Data for this exercise:
★ ★ ★
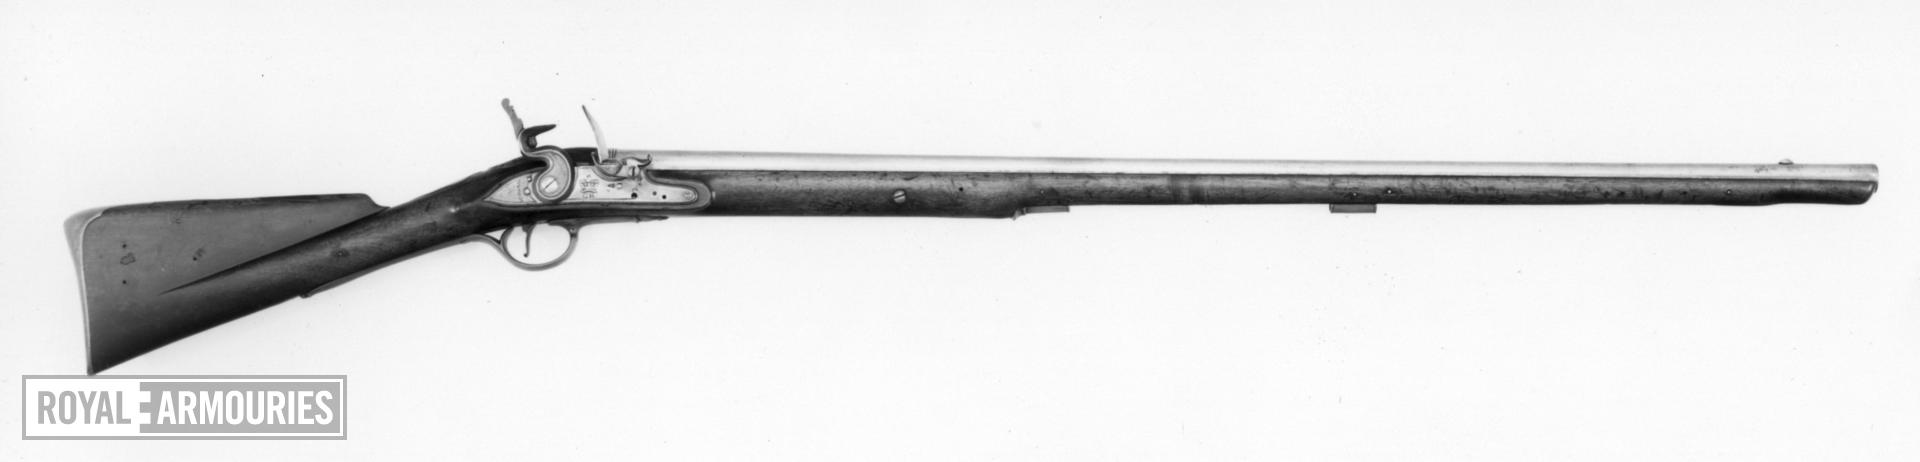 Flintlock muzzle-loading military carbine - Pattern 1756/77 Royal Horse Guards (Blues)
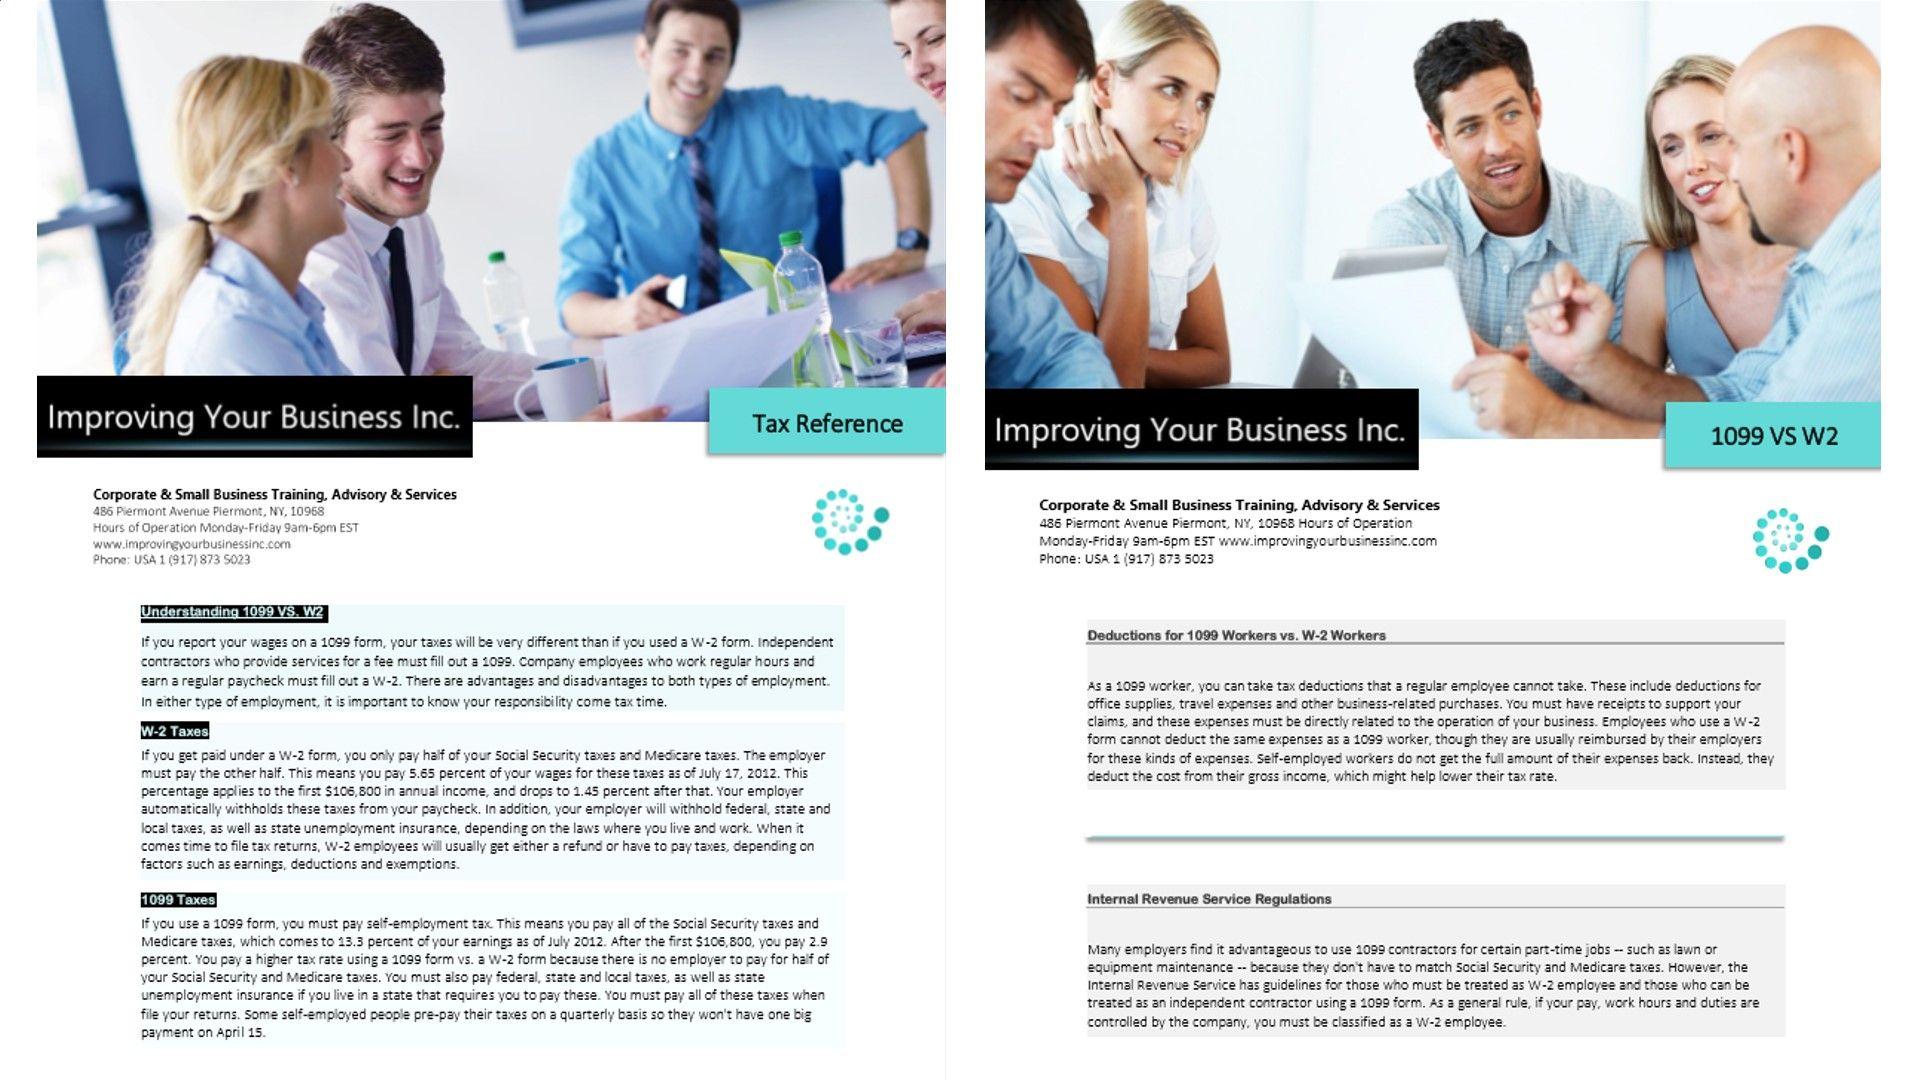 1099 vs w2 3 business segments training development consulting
★ ★ ★
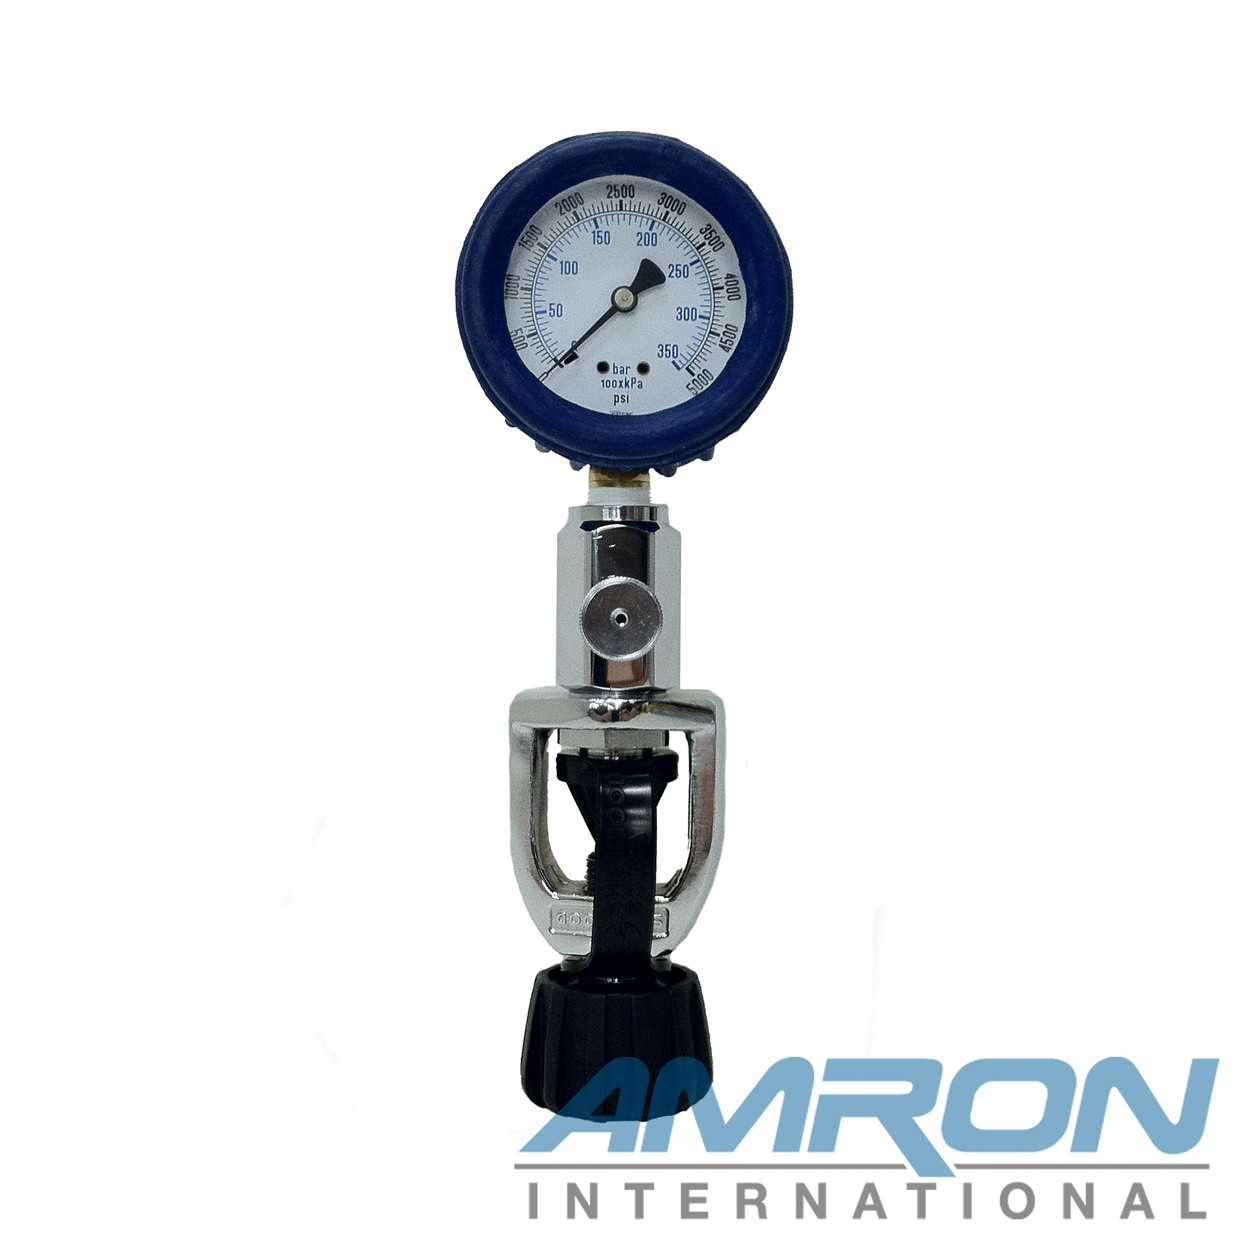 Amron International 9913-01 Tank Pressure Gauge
★ ★ ★
Task item: Working from the data above, repeat exactly, and only, the lines that begin at the line containing "Flintlock muzzle-loading military" and stop after the line containing "1099 vs w2 3"; pictures are not copied.

Task result:
 Flintlock muzzle-loading military carbine - Pattern 1756/77 Royal Horse Guards (Blues)
 1099 vs w2 3 business segments training development consulting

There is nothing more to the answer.